The Australian bishops commends this document for study and reflection.

Listen to the Australian Catholic Bishops Conference MediaBlog Podcast on Dignitas Infinita here.


Sister Annette is Talitha Kum’s New Regional Coordinator for the Oceania Region

Talitha Kum, the International Network of Consecrated Life Against Human Trafficking, has named Sister Annette Arnold RSJ as its new regional coordinator for Oceania.

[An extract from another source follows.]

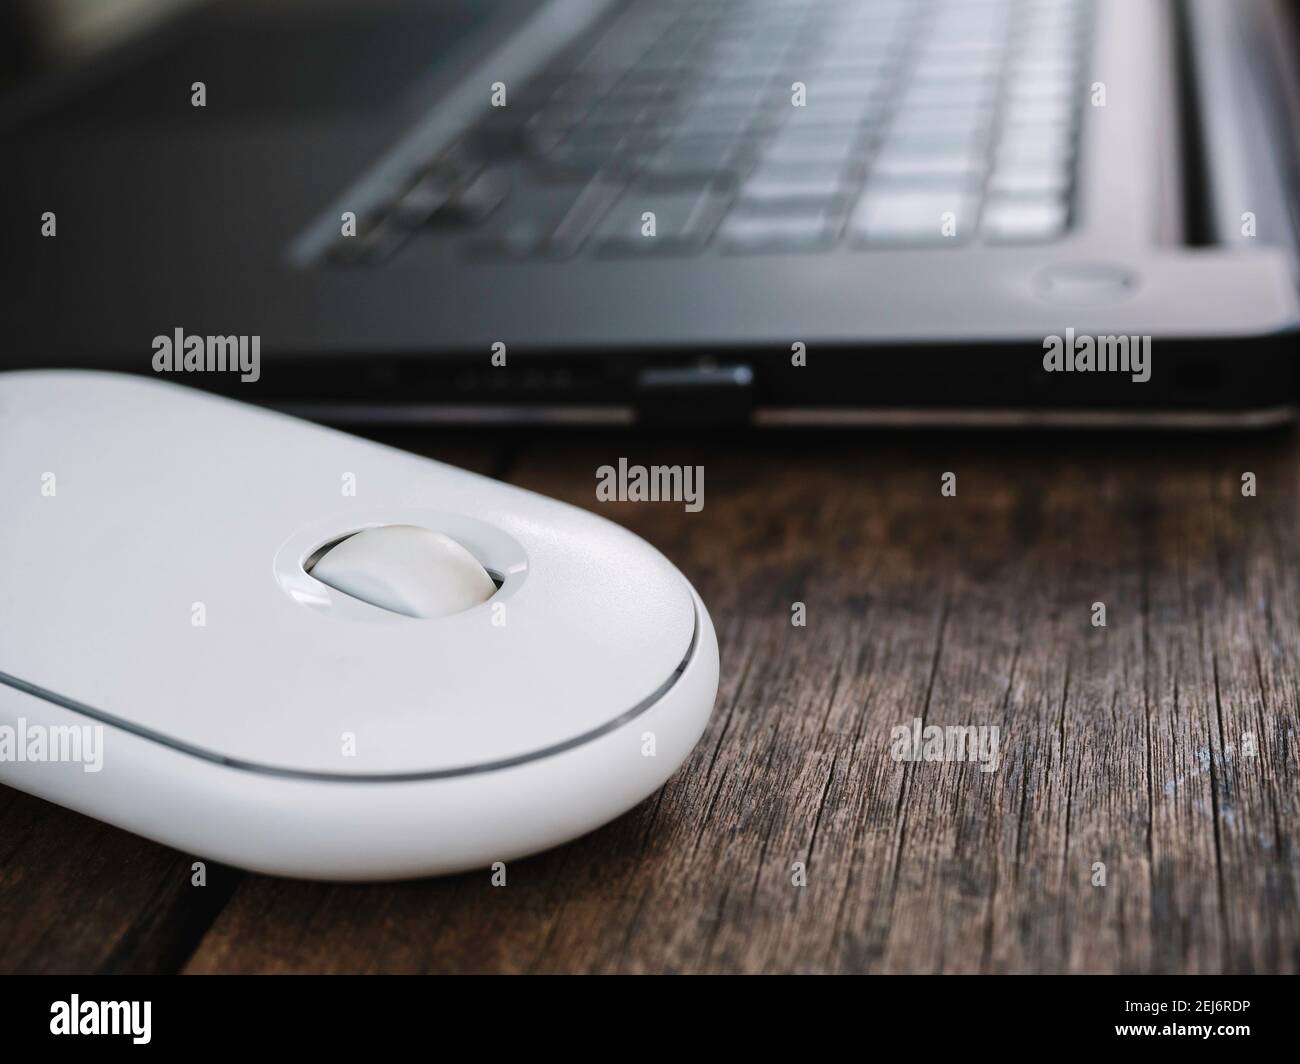 Close up modern white wireless mouse beside black laptop computer on wooden desk. Stock Photo
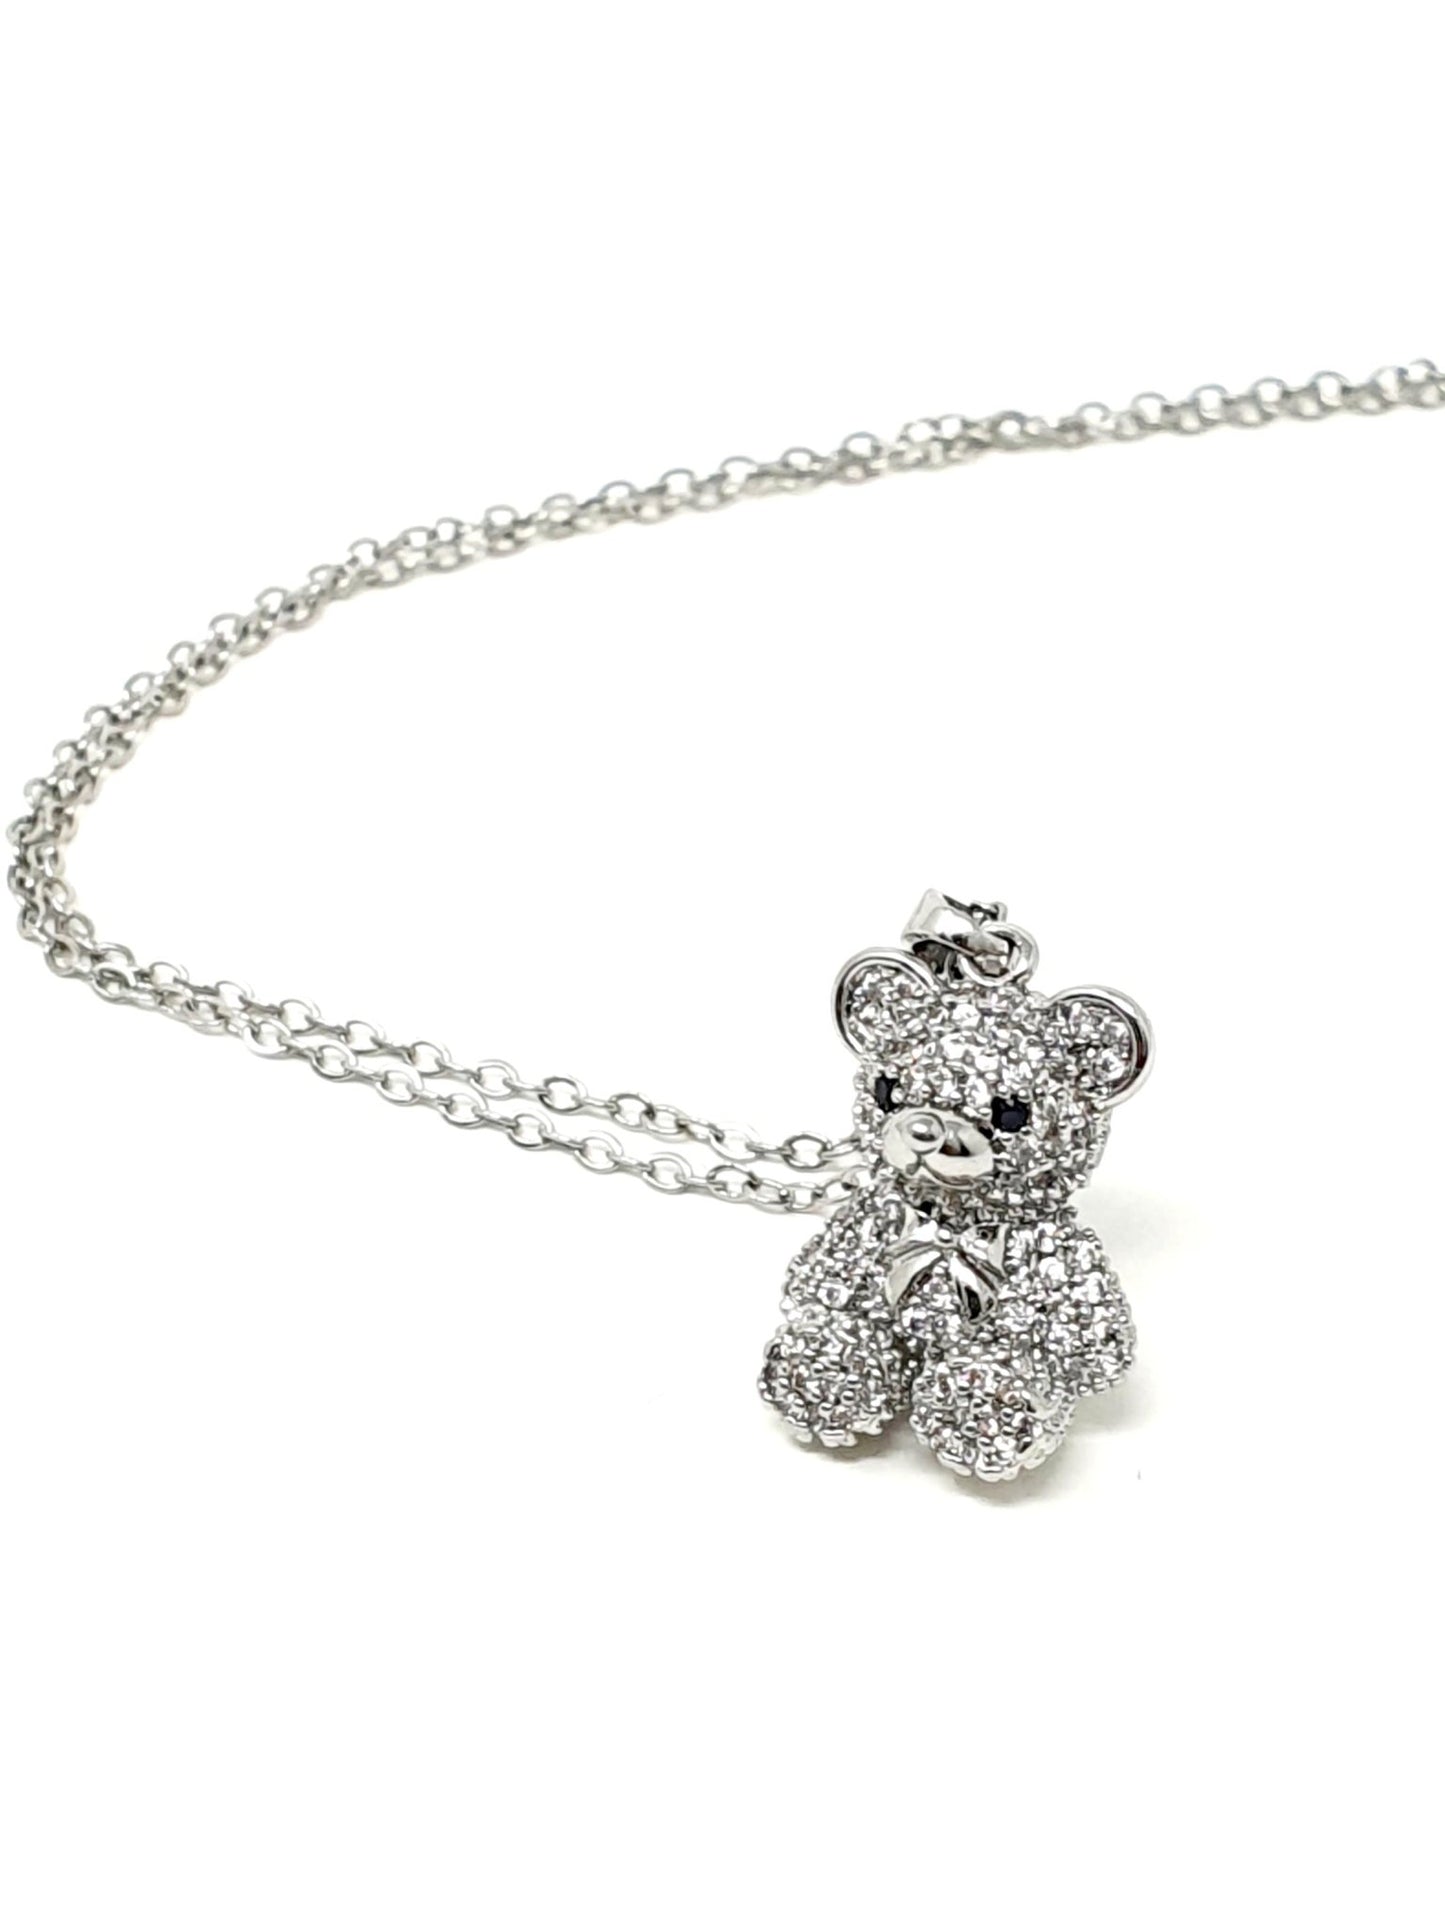 Collana "Teddy" Silver LIMITED EDITION - 333HOPE333

“Formally established in 2009 with the International Union of Superiors General (UISG) as an international initiative against human trafficking and exploitation, Talitha Kum promotes collaboration among networks organised at national, regional and continental level, actively supporting victims, survivors and people at risk. While each Talitha Kum network retains its unique identity and operates within its own country or region, the International Coordination at UISG supports capacity development and training of networks and members, and facilitates the sharing of information, resources, and experiences.”

Sister Annette in her message said that “Stepping into the role of Talitha Kum Oceania regional representative is both thrilling and humbling.” While working at the Social Action Office (SAO) in Queensland in 2002, she started her journey against forced labour and human trafficking. It was an eye-opening realisation that people were being exploited in factories in her own city, one that left her feeling deeply shaken and ignited a passion within her. Since then, she has actively kept an eye out for relevant issues and been involved with her congregation, the Sisters of Saint Joseph of the Sacred Heart, and the Australian Catholic Religious Against Trafficking of Humans (ACRATH), of which she currently serves as vice president on the national board.

This article is drawn from Talitha Kum’s post on its website.